Why the Constitutional Amendment Process Needs to Change

Connor Moore ’18, Sports Editor


The Constitution of the United States is constantly at the center of political discourse and heated debate. The Second Amendment has come under increasing scrutiny in the wake of recent mass shootings at schools and various public venues, and some aim to amend the amendment to exclude assault-type weapons or even to repeal the amendment entirely. I will not here argue for one side or the other of this debate, but I think an important piece of the puzzle has been left by the wayside, that being the amendment ratification process itself. As it stands, the current process required for amending the Constitution leaves the deck stacked against any kind of constitutional change, one way or the other.

To sum up the current amendment process, Article V of the Constitution stipulates that an amendment must be ratified in a two-step process that involves 1. Both Congressional houses adopting the proposed amendment by a 2/3 vote or a convention of the States called by Congress adopting the proposed amendment, and 2. 3/4 of state legislatures or ratifying conventions in 3/4 of the states ratifying the proposed amendment.

Now, it is considered a mortal sin by some to agree with the late Supreme Court Justice Antonin Scalia on anything. While I certainly do not see eye-to-eye with him on all matters of law or Constitutional jurisprudence, I do join him in advocating for a redesign of the Constitution’s amendment ratification process. In a 2014 interview in which he advocated for a change in the amendment process, Scalia surmised that, in theory, it could take a ‘no’ vote from only about two percent of the population to prevent an amendment’s ratification, a mighty obstacle indeed. According to the United States Senate, there have been approximately 11,699 proposed measures to amend the Constitution as of January 2017. A total of 27 of these have passed over the course of over 200 plus yeas and 114 plus Congresses, a success rate of about 0.2 percent. Of course, only a very small proportion of amendment proposals actually make it out of Congressional committees and get put to a vote among the states, but even so the success rate for proposals that make it that far is not exceptionally high.

Do I think that the ratification process should be particularly easy? Certainly not. The process needs to be sufficiently hard such that a sizeable majority of the American people need to agree that the amendment should be ratified. At the same time, requiring the assent of 2/3 of both Congressional houses and 3/4 of the 50 states to ratify an amendment has proven to be a largely insurmountable obstacle to introducing significant change to the Constitution. To be sure, this process worked well when the country’s population was small and the states were few in number, but now that we have 50 states and a population of over 300 million, this process is probably outliving its usefulness.

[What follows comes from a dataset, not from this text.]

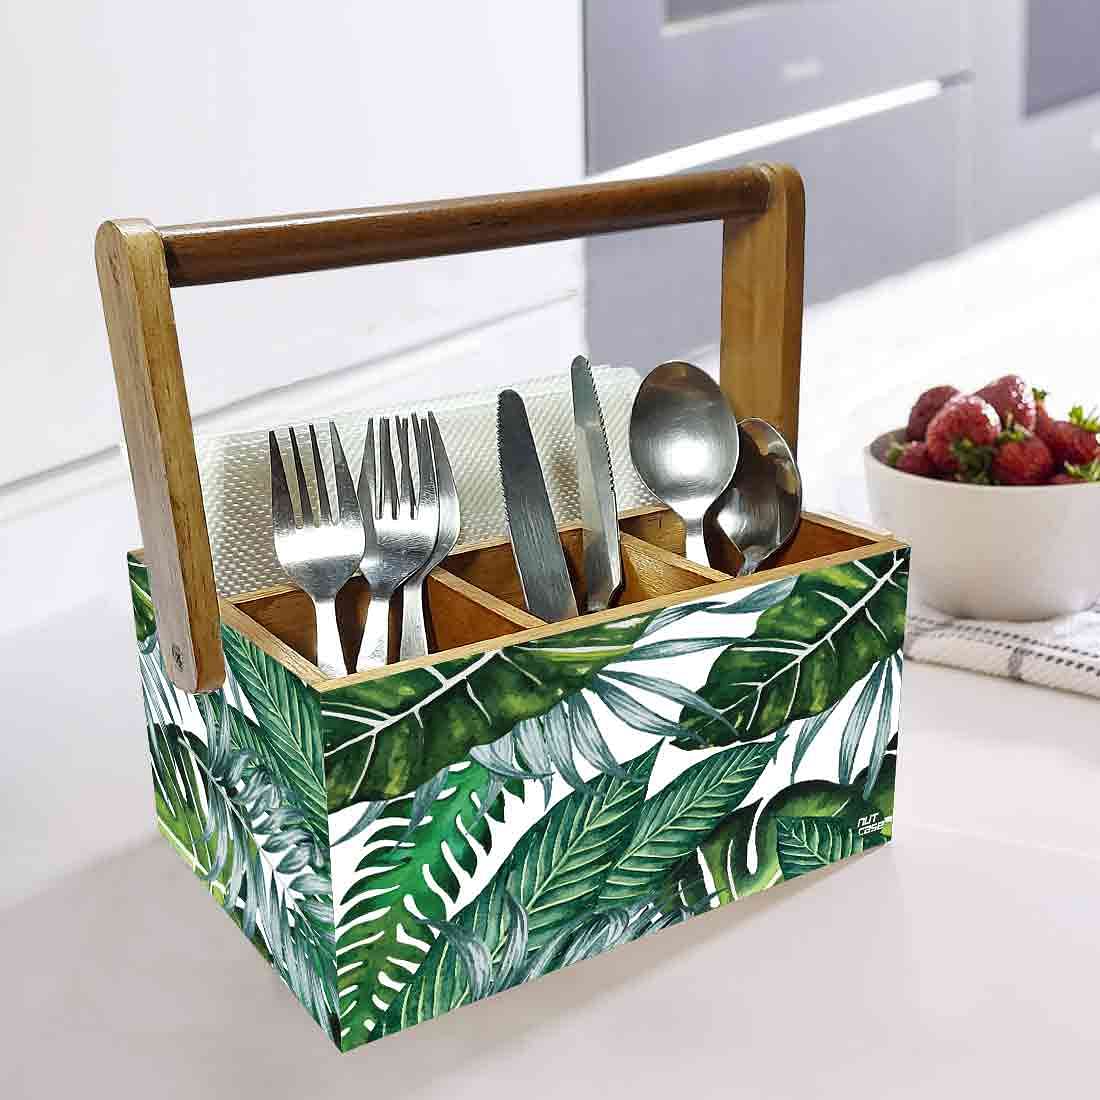 Restaurant Silverware Holder With Handle for Spoons Tissue Organizer - Leaves Nutcase

Now, the argument could be made that easing up on the requirements for ratification would make it too easy to pass amendments that could end up being more harmful than helpful and that the current process ensures that only the best of the best proposals make it through to be added to Constitution. I would counter that it would be just as easy to repeal a harmful amendment as it was to pass it in the first place. Regardless of which side of any given Constitutional issue you are on, I think it can be agreed that a change to the amendment process is warranted so that any necessary constitutional change, in one direction or the other, is feasible.